The extent to which so much global wealth has become corralled by a virtual handful of the so-called ‘global elite’ is exposed in a new report from Oxfam on Monday. It warned that those richest 85 people across the globe share a combined wealth of £1 trillion (Dh6 trillion), as much as the poorest 3.5 billion of the world’s population.
The wealth of the 1 per cent richest people in the world amounts to $110 trillion (Dh404 trillion), or 65 times as much as the poorest half of the world, added the development charity, which fears this concentration of economic resources is threatening political stability and driving up social tensions.

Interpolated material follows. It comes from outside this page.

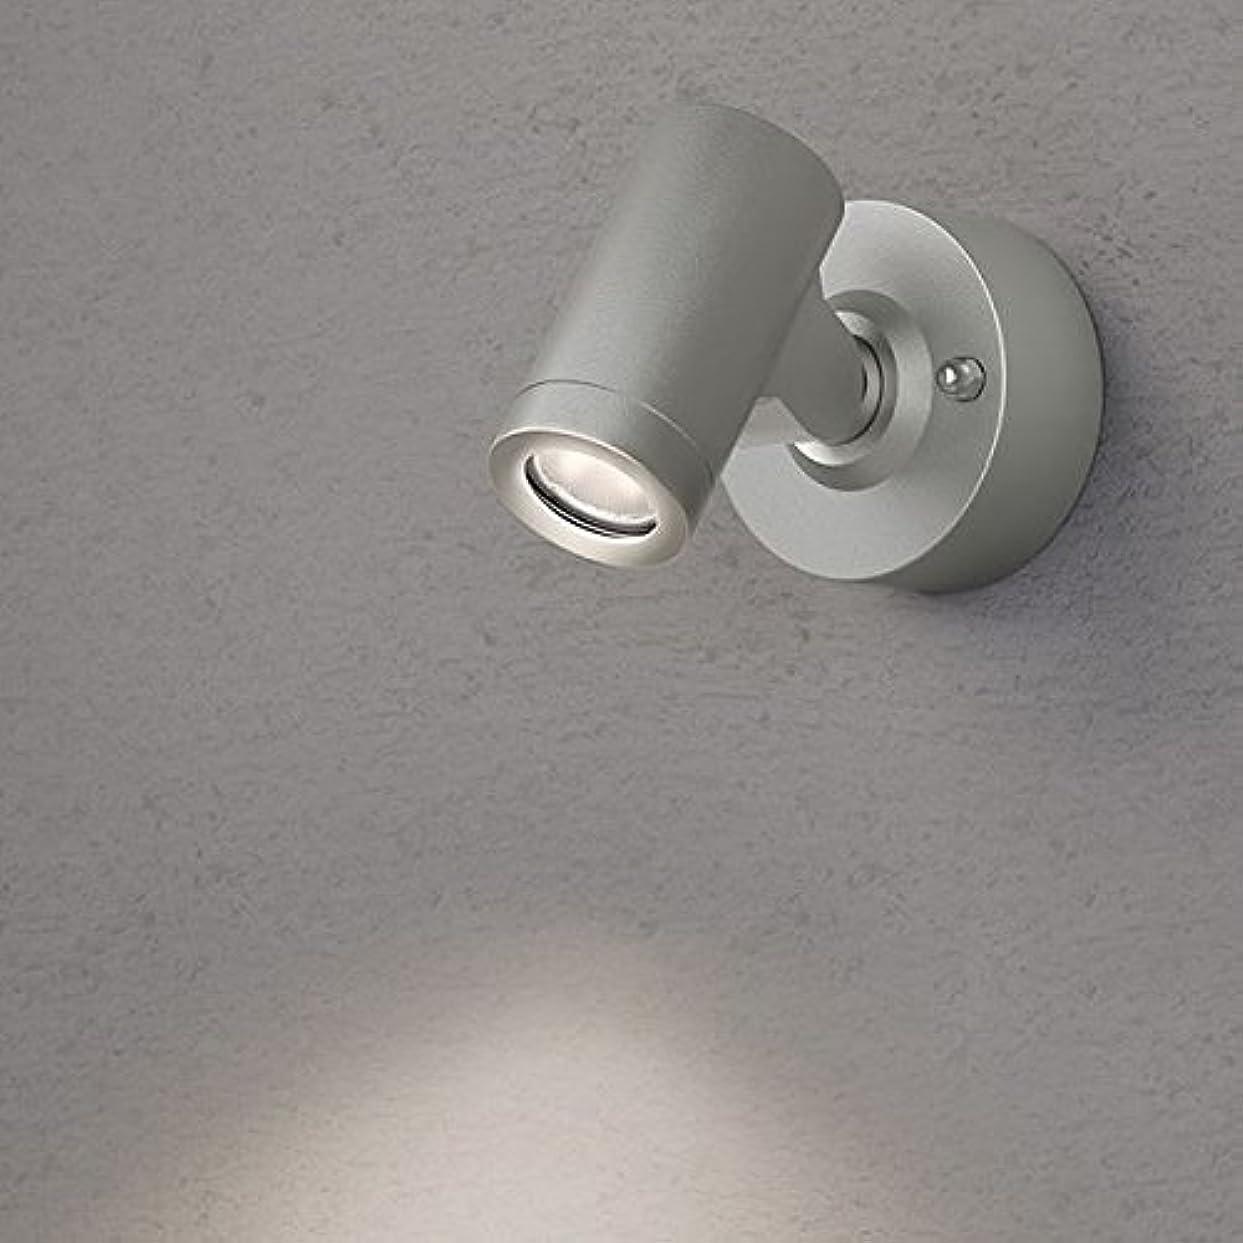 分割知覚ラベルタカショー ウォールライト(ローボルト) エクスレッズ スポットウォールライト1型 HBA-D06S #73023000 *LED交換不可 『エクステリア照明 ライト』 シルバー/LED色(電球色)

It’s a chilling reminder of the depths of wealth inequality as political leaders and top business people head to the snowy peaks of Davos for this week’s World Economic Forum. Few, if any, will be arriving on anything as common as a bus, with private jets and helicopters pressed into service as many of the world’s most powerful people convene to discuss the state of the global economy over four hectic days of meetings, seminars and parties in the exclusive ski resort.

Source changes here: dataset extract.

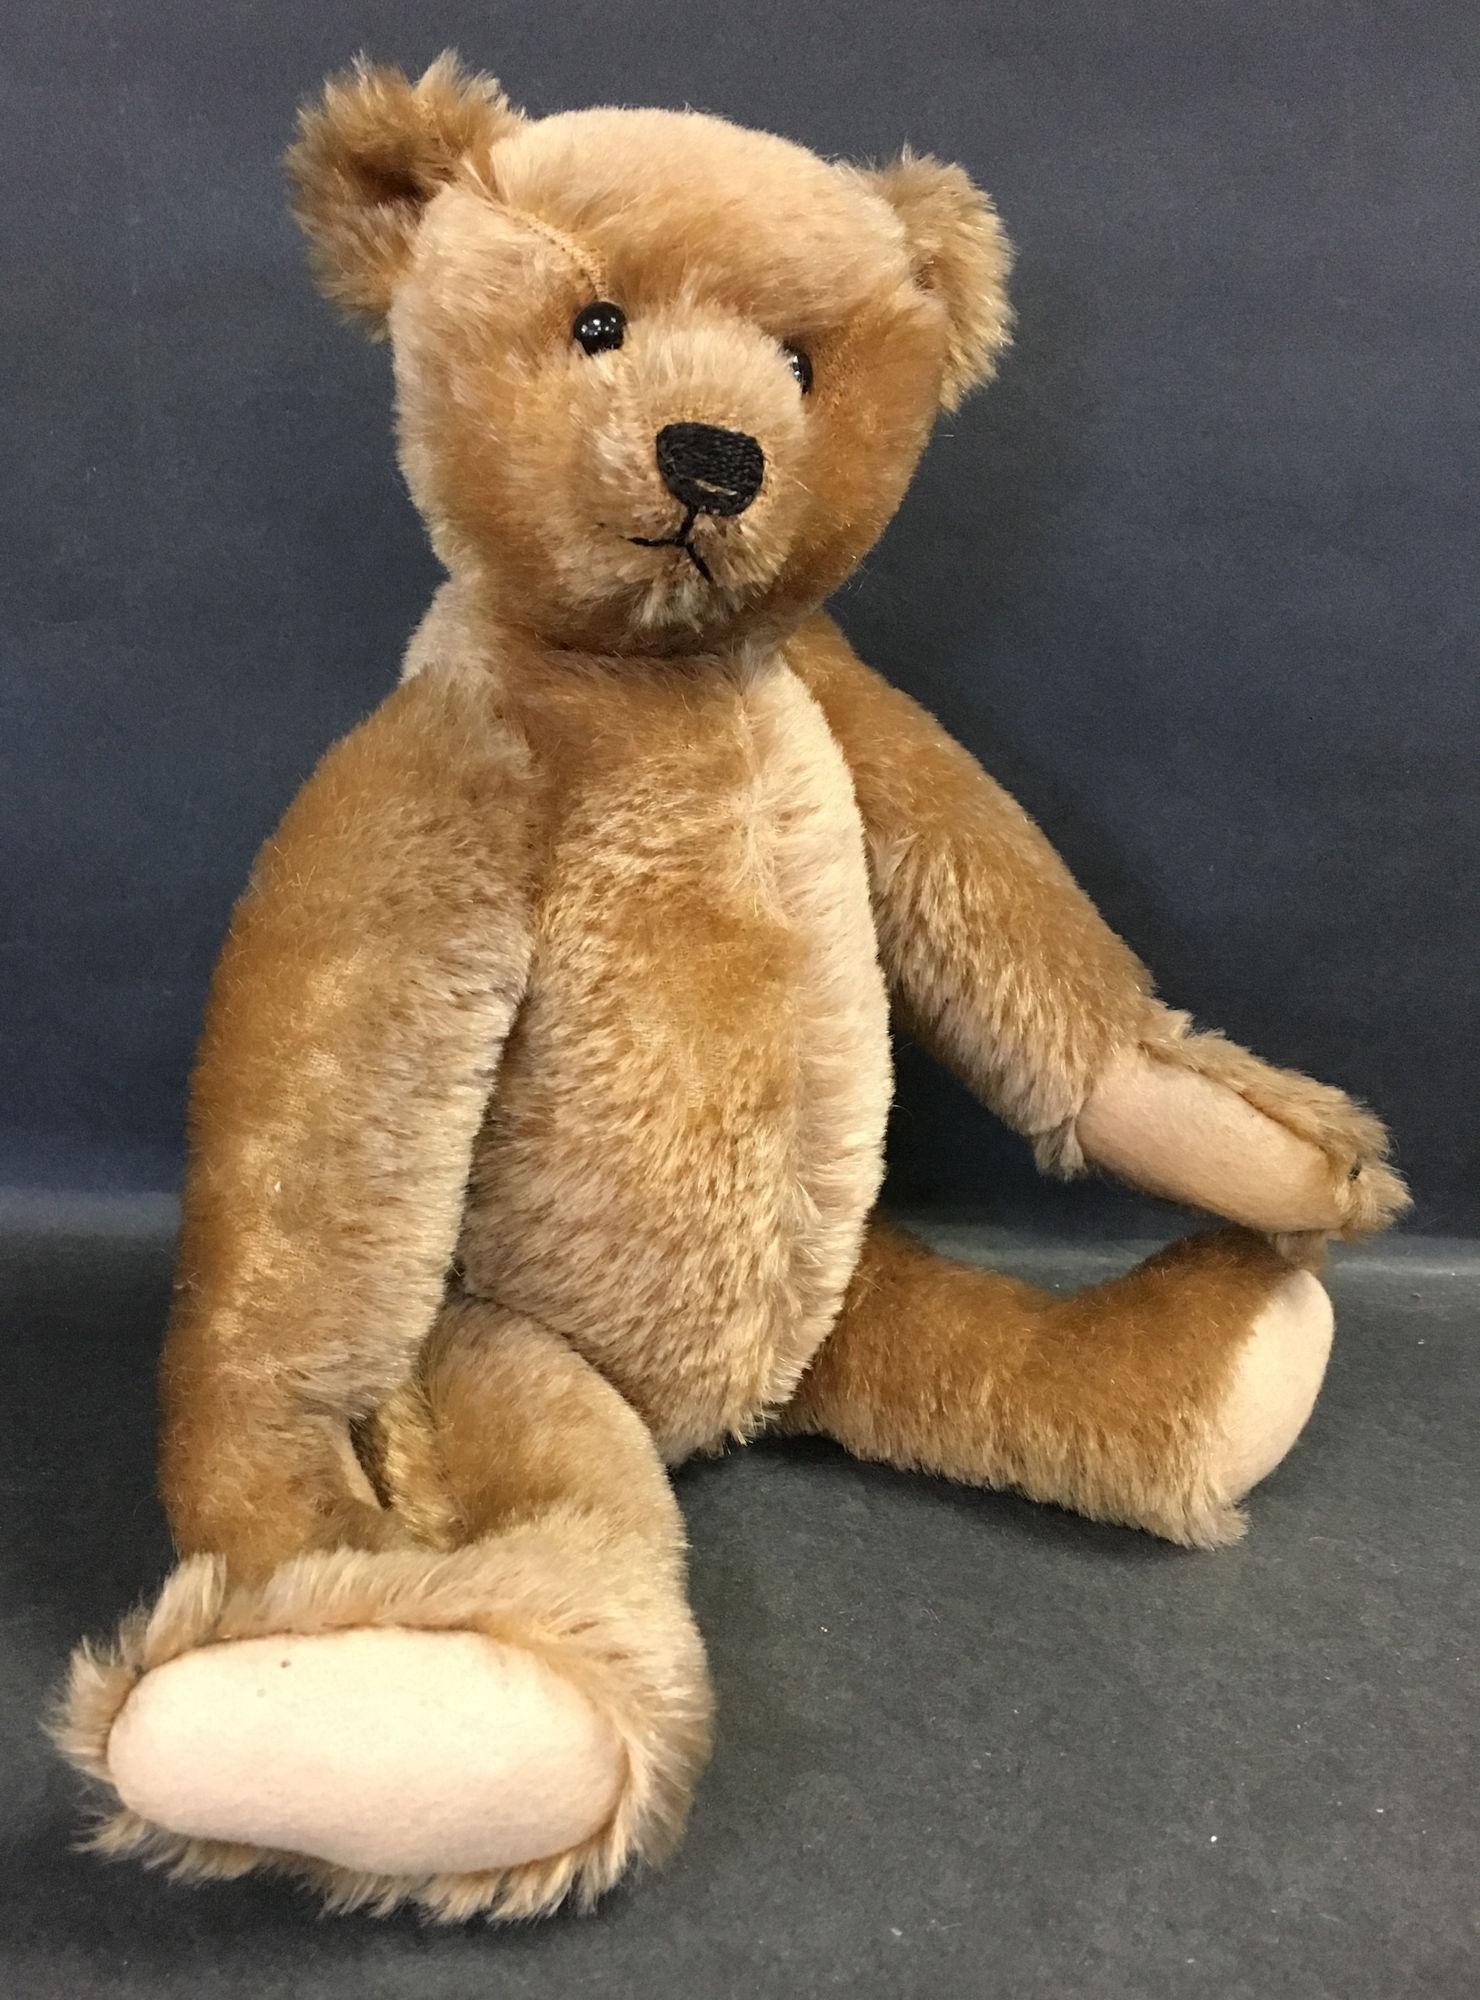 EARLY STEIFF CARAMEL MOHAIR TEDDY BEAR. DISK JOINTED AT

Winnie Byanyima, the Oxfam executive director who will attend the Davos meetings, said: “It is staggering that in the 21st Century, half of the world’s population — that’s three and a half billion people — own no more than a tiny elite whose numbers could all fit comfortably on a double-decker bus.”
Oxfam also argues that this is no accident either, saying growing inequality has been driven by a “power grab” by wealthy elites, who have co-opted the political process to rig the rules of the economic system in their favour.
In the report, entitled ‘Working For The Few’, Oxfam warned that the fight against poverty cannot be won until wealth inequality has been tackled.
“Widening inequality is creating a vicious circle where wealth and power are increasingly concentrated in the hands of a few, leaving the rest of us to fight over crumbs from the top table,” Byanyima said.
Oxfam called on attendees at this week’s World Economic Forum to take a personal pledge to tackle the problem by refraining from dodging taxes or using their wealth to seek political favours.
As well as being morally dubious, economic inequality can also exacerbate other social problems such as gender inequality, Oxfam warned. Davos itself is also struggling in this area, with the number of female delegates actually dropping from 17 per cent in 2013 to 15 per cent this year.